И потом, помолчав, добавил:
— Вы человек умный, а до сих пор понять не можете: ваша техника поступила в мое распоряжение. Не советую и дальше испытывать мое терпение.
И Дмитрий «ушел» с экрана авианосца. Поднялся и в покорности склонил голову перед королем. А король, не спуская с него восхищенных глаз, проговорил:
— Ты, Дмитрий, могуч, как Аллах!
Они прошли в каюту.
Дмитрий продолжал свой рассказ. Впервые он не таился, не боялся собеседника; он обычно раньше в разговоре с представителями власти, — своей власти, российской, — петлял, напускал туману и никогда ничего не открывал им. Знал, что служат они чужому Богу, и тщательно от них прятал свои открытия. Здесь же, в далекой и, казалось бы, совершенно чужой земле, он слышал родное дыхание, видел в короле близкого человека, — и это потому, что оба наши народа имели одного врага, одну судьбу, родственный характер, гордый и свободолюбивый.
На Родине, у холодных берегов Невы, Дмитрий чувствовал себя неуютно, все время ждал удара в спину и думал только об одном: как бы побыстрее закончить строительство подводной лодки и уплыть на ней как можно дальше от своей матери-Родины, ставшей для него вдруг мачехой.
Обо всем этом он рассказывал королю Хасану. И видел, как все большим теплом загораются глаза Владыки, как он благодарен этому не очень-то складному, лишенному лоска и позы русскому парню.

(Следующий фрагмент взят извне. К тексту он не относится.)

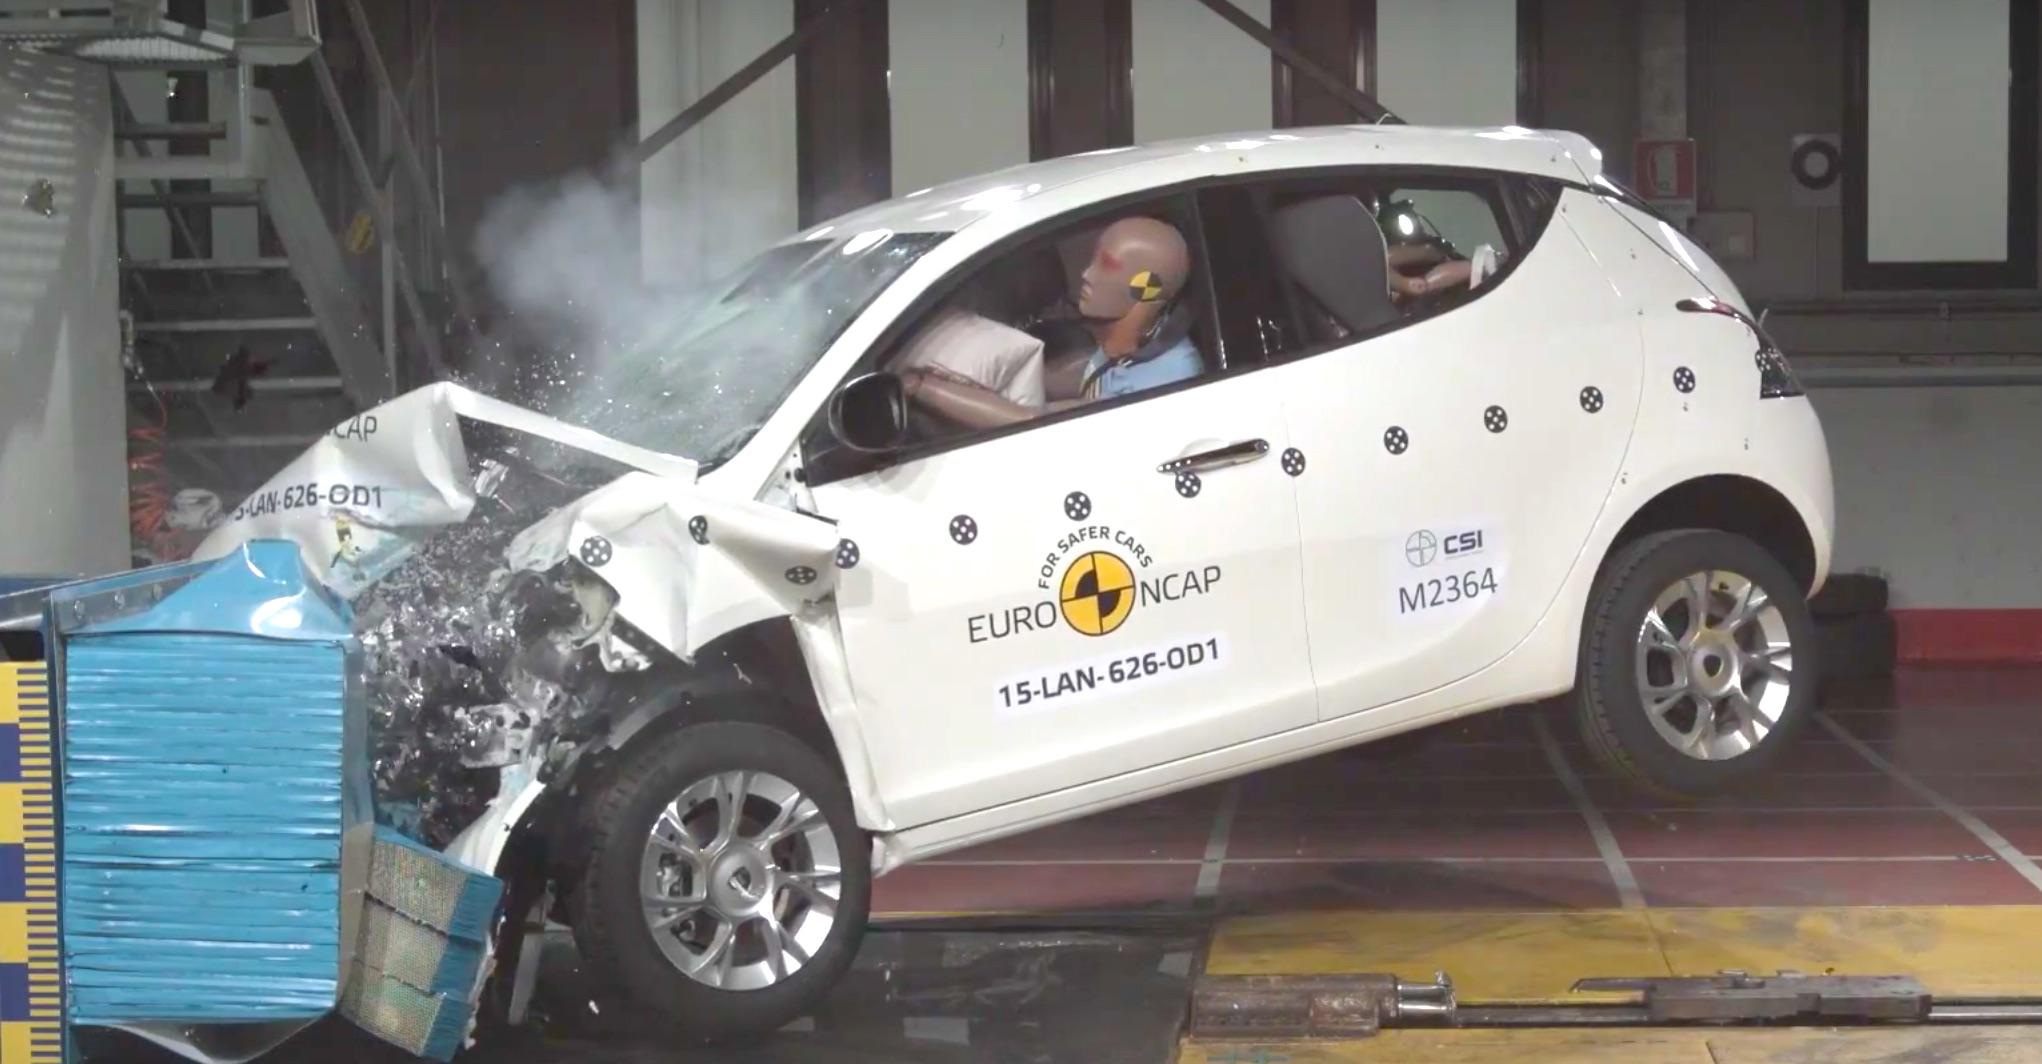 Últimos resultados Euro NCAP: ¿Cuáles han sido los coches más inseguros? 2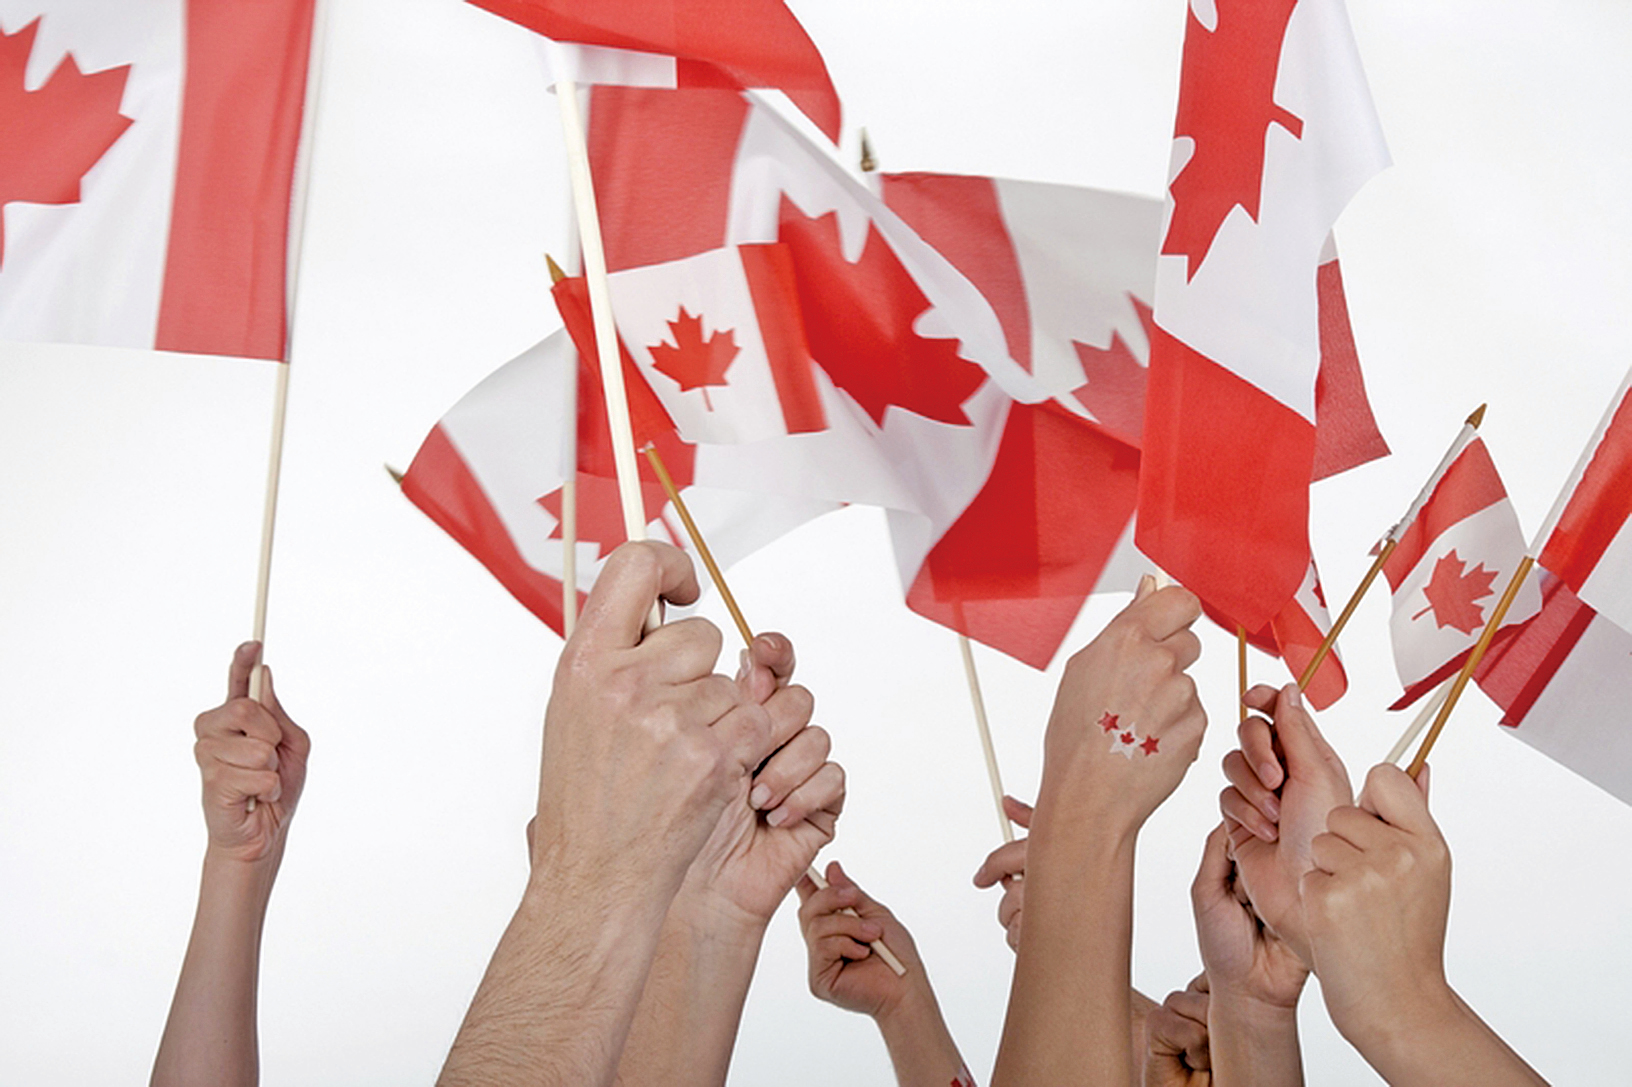 無牌中介公司幫57名中國人申請加拿大技術移民,全部被拒。後來,申請者在加國集體上訴成功,法官推翻移民官的決定。(iStock)

— Вы знаете, о чем я теперь думаю: может быть, впервые вижу перед собой русского человека. Я, конечно, встречаюсь с дипломатами, политиками, — вот и недавно у меня были два ваших видных деятеля: председатель какой-то партии Гальюновский и лидер какого-то движения генерал Гусь. Я их принимаю, благодарен им за поддержку моей борьбы с американцами, вот только не слышу в них русской души, русского характера; того самого, о котором читаю в романах Толстого и Тургенева, Чехова и Достоевского. Такой характер я вижу у вас. Мне даже кажется, что вы сошли со страниц русских сказок, русских песен и романов. Когда я видел, как снимаете с неба вражеский самолет, я думал: вот таким, наверное, был Илья Муромец; когда я слушаю вашу беседу, я поражаюсь вашей открытости и смелости и думаю: такой у них, русских, характер. Такой, наверное, и главный герой их сказок Иванушка-дурачок.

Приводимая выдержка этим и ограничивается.